Arlo snorted. “I’m rapidly coming round to your way of thinking that she’s a bitch. And I haven’t even met her.”
“I guess if I was being kind, I’d say she thought I was throwing a tantrum, that she was doing her job and reminding me of the consequences of my actions. It wasn’t like she could have forced me to go on stage if I’d really dug my heels in.” Arlo’s facial expression said he didn’t agree, that there was more than one way to force someone to do something they didn’t want to do.
“Anyway, I went on. And it was fine at first. There’s always an energy that comes from the audience that helps no matter how tired or rundown you are.” I took another bite of my sandwich. I hadn’t cooked it to let it go cold while I rambled about Germany. “I did a show once in… I think it was Portugal. Or maybe it was Spain. Definitely a Mediterranean country. I had flu and I was running a temperature.
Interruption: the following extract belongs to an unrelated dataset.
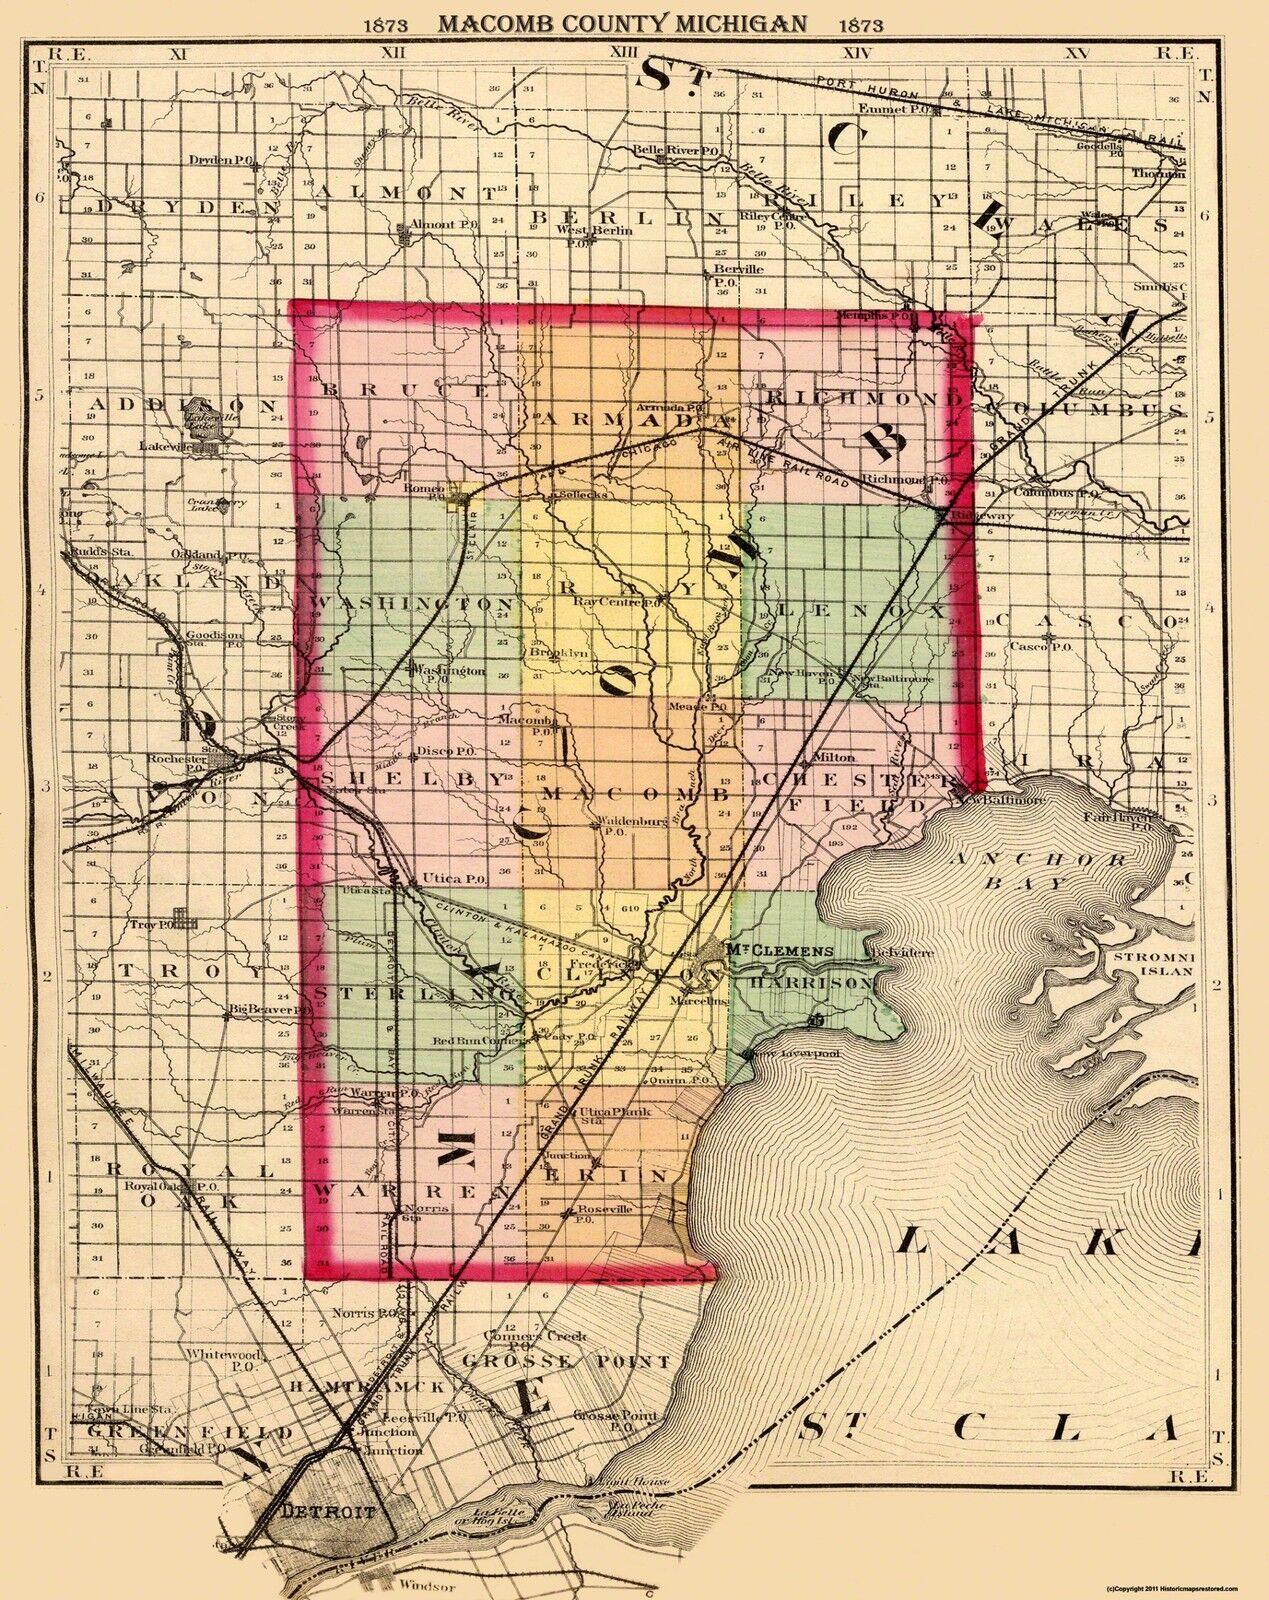 Old County Map - Macomb Michigan - 1873 - 23 x 29 | eBay

I felt like absolute shit and just wanted to stay in bed. Yet, I played better with the flu than I did in Germany. I just couldn’t seem to find my groove. And the harder I tried, the worse it got. I’ve never experienced anything like it before. I could have kept playing, but the audience deserved better. And the next piece I had coming up was Chopin’s Ballade No. 4, which in case you don’t know is challenging at the best of times. God knows what I would have done to that piece of music. So I bailed and left the stage.”
“Have you played since?”
I wanted to lie. I wanted to tell Arlo that of course I had, that I wasn’t a child scared of my own mind. Knowing he’d see straight through it, I shook my head.
Arlo took a sip of his coffee. “You’re burned out. You know that, right? All the alcohol, the drugs, the”—his lip curled slightly—“one-night stands are about you self-medicating. It was yourway of trying to relax when what you really needed was a break from everything.”
“Maybe. But how pathetic is that? I sit on my arse and play the piano, for God’s sake. I’m not negotiating multi-million pound deals or running into burning buildings to save lives.”
Arlo was already shaking his head before I got halfway through my speech. “I’ve seen the way you play and you give everything. Heart and soul. It’s physically and emotionally draining. You can’t do that night after night for years on end and not expect it to take its toll. How many concerts did you do last year?”
I shook my head. “I have no idea.”
“You averaged three a week,” Arlo informed me. “I worked it out. And that doesn’t include all the personal appearances or charity events, or—”
“I get it,” I said, worried that listening to a long list of things I did would make me exhausted just from hearing it. “I need to do less.”
“That, and you need to find the joy in it again. You need to remember why you did it in the first place.”
When Arlo stood and held his hand out, I knew exactly where he was taking me, a pit opening up in my stomach. I took his hand anyway because I trusted him.